Nearly a third of millennials identify as LGBTQ, new study finds

Nearly a third of millennials identify as LGBTQ, new study finds

Nearly a third of millennials identify as LGBTQ, new study finds

  • The study by Arizona Christian University surveyed 600 millennials – ages 18 to 37 – in an effort to provide insight into the generation  
  • The research defines millennials as people born from 1984 to 2003 compared with most studies that define them as born between 1977 to 1995
  • Thirty-nine percent of the 30 percent millennials who identified as LGBTQ were between the ages of 18 and  24
  • George Barna, who oversaw the study, invited the public to look upon the group to help them navigate ‘through the challenges in which they’ve been immersed’
  • ‘Rather than blasting them for a range of perceived inadequacies, perhaps we can support them with perspective, solutions, resources, and encouragement’
  • Other findings suggest millennials are mostly anti-establishment, unpatriotic, pro-freedom of religion, and desperately trying to find a purpose in life

Nearly a third of millennials in the US identify as LGBTQ, a new study by Arizona Christian University found.

The study, conducted in August and published last month, surveyed 600 millennials – ages 18 to 37 – in an effort to provide insight into the generation. 

The research defines millennials as people born from 1984 to 2003, compared with most studies that define them as born between 1977 and 1995. 

According to the study: ‘[Millenials are] redefining sexuality, their own and how to perceive and respond to the gender identity and sexual-orientation choices of others.’ 

Thirty-nine percent of the 30 percent millennials who identified as LGBTQ were between the ages of 18 and 24.

George Barna, the university’s Cultural Research Center’s director of research and the person who oversaw the study, invited the public to look upon the group to help them navigate ‘through the challenges in which we have immersed them.’

‘Rather than blasting them for a range of perceived inadequacies, perhaps we can support them with perspective, solutions, resources, and encouragement,’ Barna said.

Other findings suggest that American millennials are also mostly anti-establishment, unpatriotic, pro-freedom of religion, and desperately trying to find a purpose in life.

Thirty-nine percent of the 30 percent millennials who identified as LGBTQ were between the ages of 18 to 24

Thirty percent of millennials self-identify as LGBTQ, a study found

George Barna, the university’s Cultural Research Center’s director of research and the person who oversaw the study, invited the public to look upon the group to help them navigate ‘through the challenges in which we have immersed them.’  Above, Arizona Christian University

‘Rather than blasting them for a range of perceived inadequacies, perhaps we can support them with perspective, solutions, resources, and encouragement,’ Arizona Christian University Cultural Research Director George Barna said

Millennials in the study voted the management of the COVID-19 pandemic as the most important issue the country is facing and disregarded rule of law, national defense, and national values and morals as the least compelling – with only two percent voting in their favor.

Research results convey a reverberation of the political turmoil the generation of young adults has instilled in the country.

The study unveiled that close to half of the young adults prefer socialism to capitalism.
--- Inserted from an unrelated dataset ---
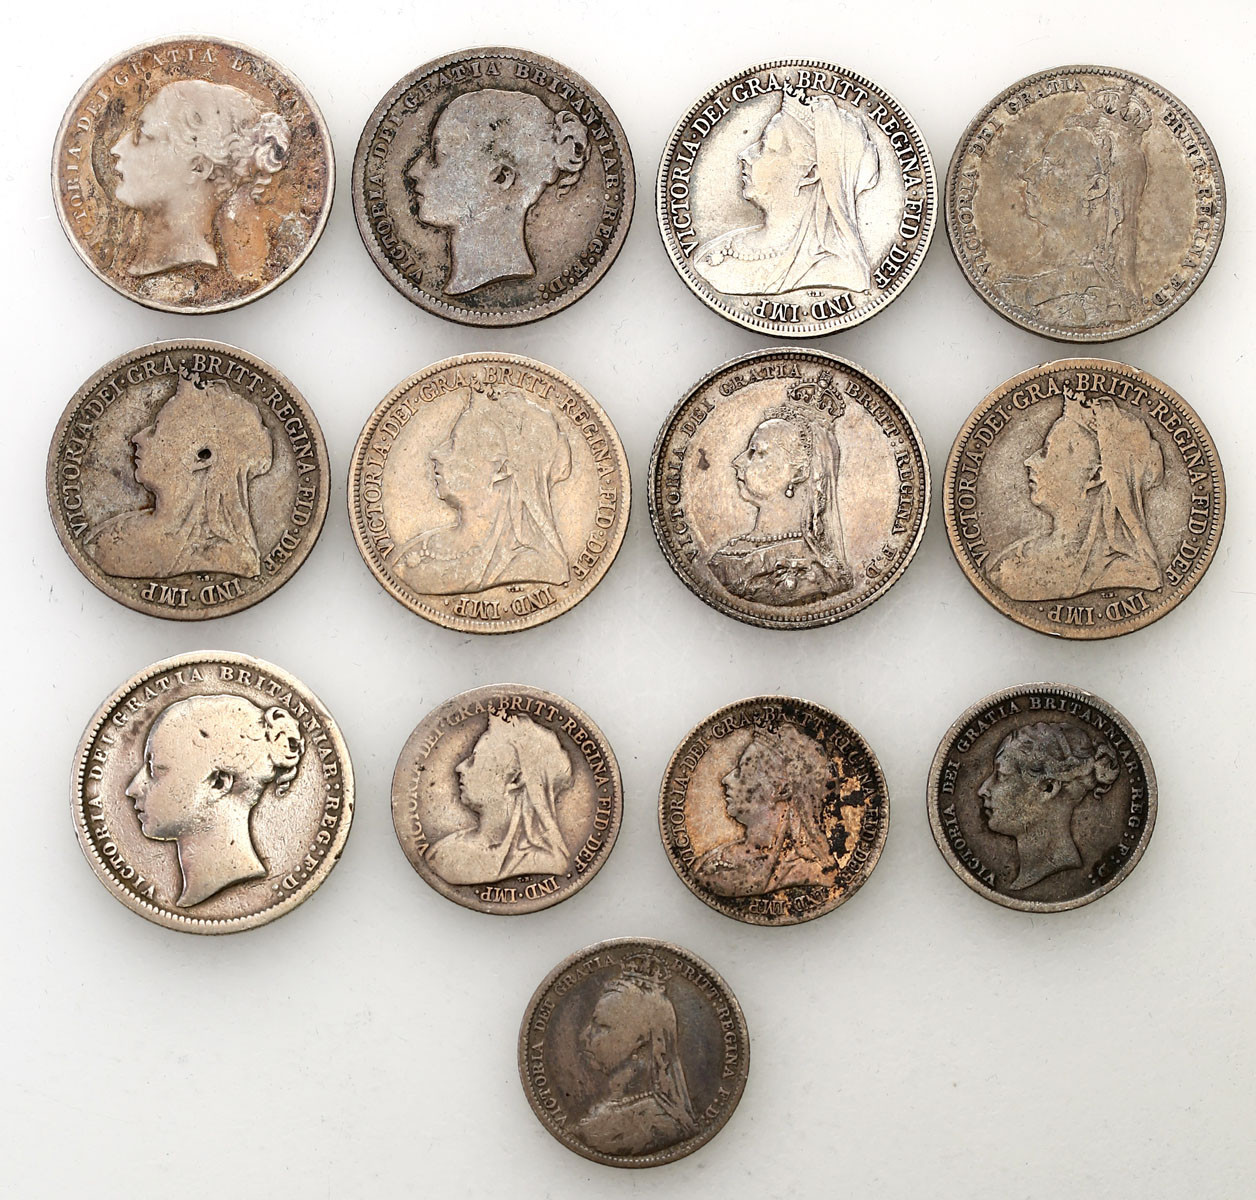 Wielka Brytania. Wiktoria (1837-1901). 6 pence, shilling 1844-1901, zestaw 13 monet
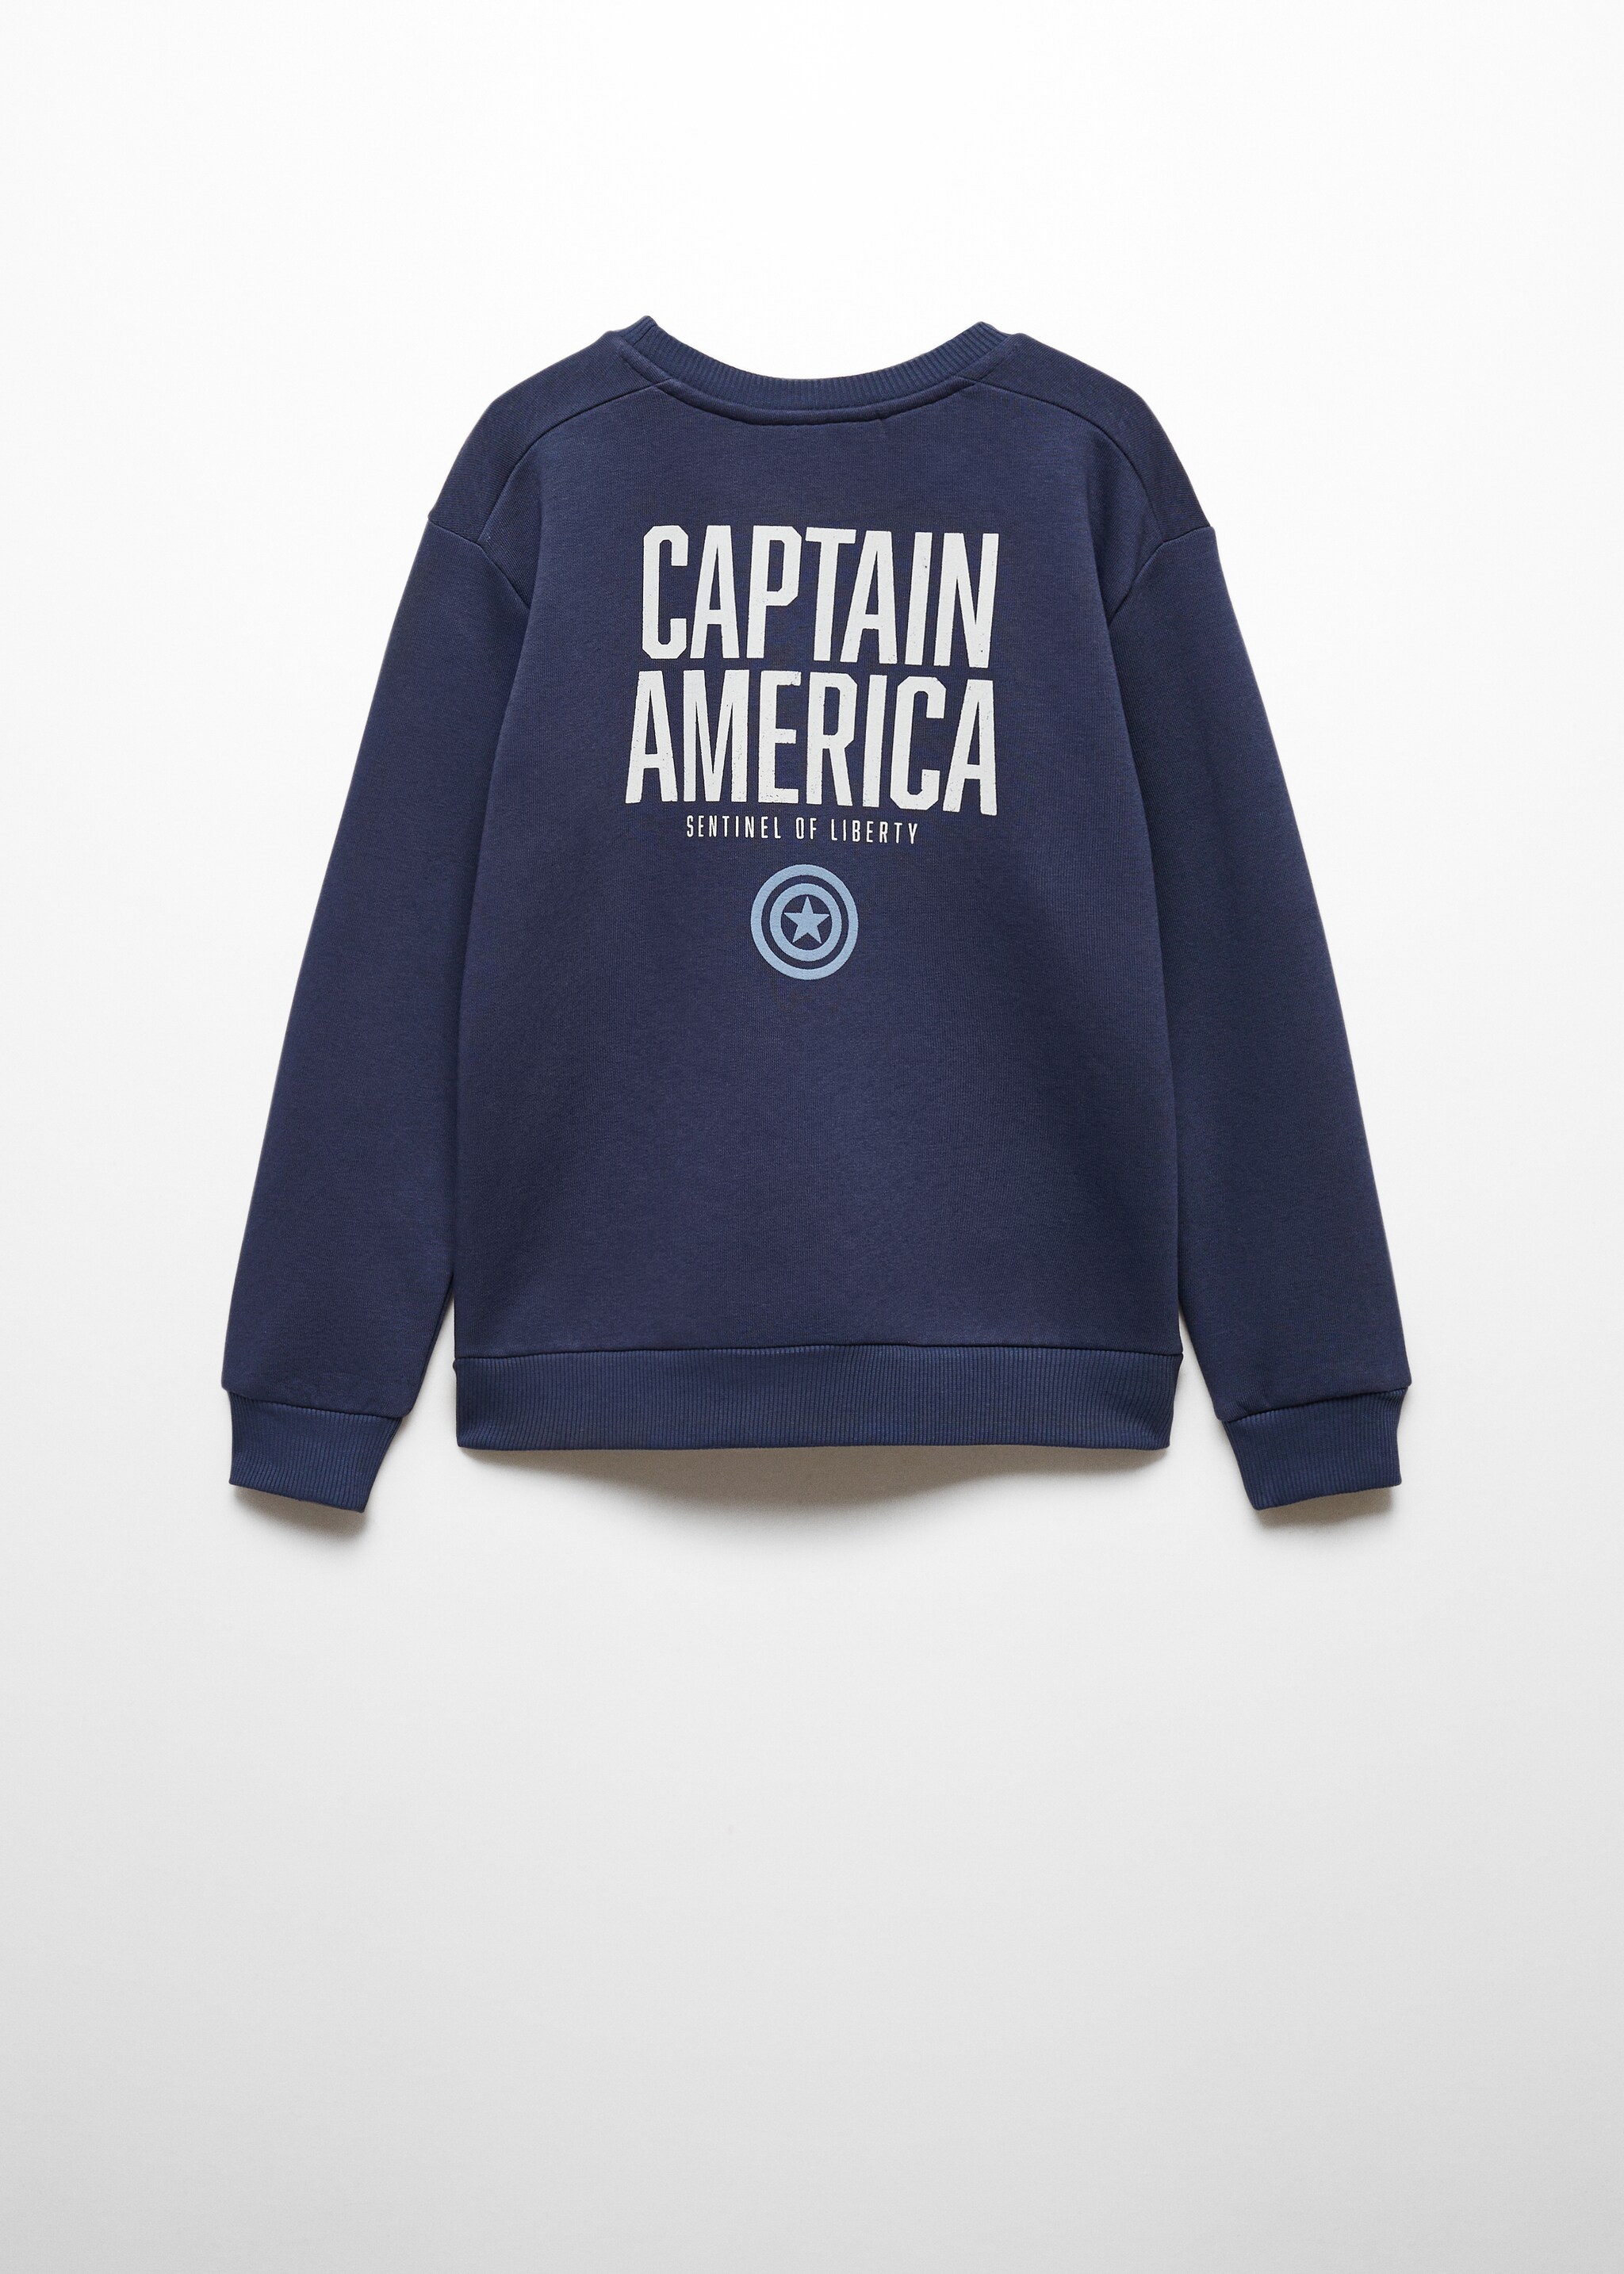 Captain America Sweatshirt - Reverse of the article

Forty percent self-identified as liberal or progressive compared to just 29 percent who claimed to be conservative.

The generation is more likely to be liberal than conservative regarding fiscal matters, social issues, and governance, the study found.

One out of every three young adults – 33 percent – said they had personally participated in a protest march, rally, or demonstration during the prior month.

Volunteering their time to help people and donating money to organizations other than a church or religious center were voted as the go-to ways millennials engage with their community.

Those surveyed voted the state of the nation as the area they were least satisfied with – only 15 percent said they were pleased with the current state of affairs in the US.

But beyond the progressive ideals, the generation – overwhelmed by a public mental health crisis as suicide rates among the group spike at an alarming rate – is aching to find a purpose in life.

They admitted to feeling stressed, depressed or anxious, and lost. Three in four millennials said they were still trying to find their purpose in life, and seven in ten said they would sacrifice their life for something, most likely ‘to save, protect, or defend’ family members and their freedom. 

The things they were least likely to sacrifice their life for were the country and their most cherished possessions.

For the most part, the generation rejected the idea of an ultimate and absolute moral truth but held favorable views about the bible and Jesus. 

Millennials were more likely to have a negative than positive view of atheism, the study found, despite forty of the young adults surveyed not believing, knowing, or caring if God exists.

The study surveyed ‘millennials’ between the ages of 18 and 37, even though most sources only regard those 25-40 (in 2021) as part of the generational group.

A Gallup poll in February found that 1 in 6 members of Generation Z, which millennials fall under, were part of the LGBTQ community.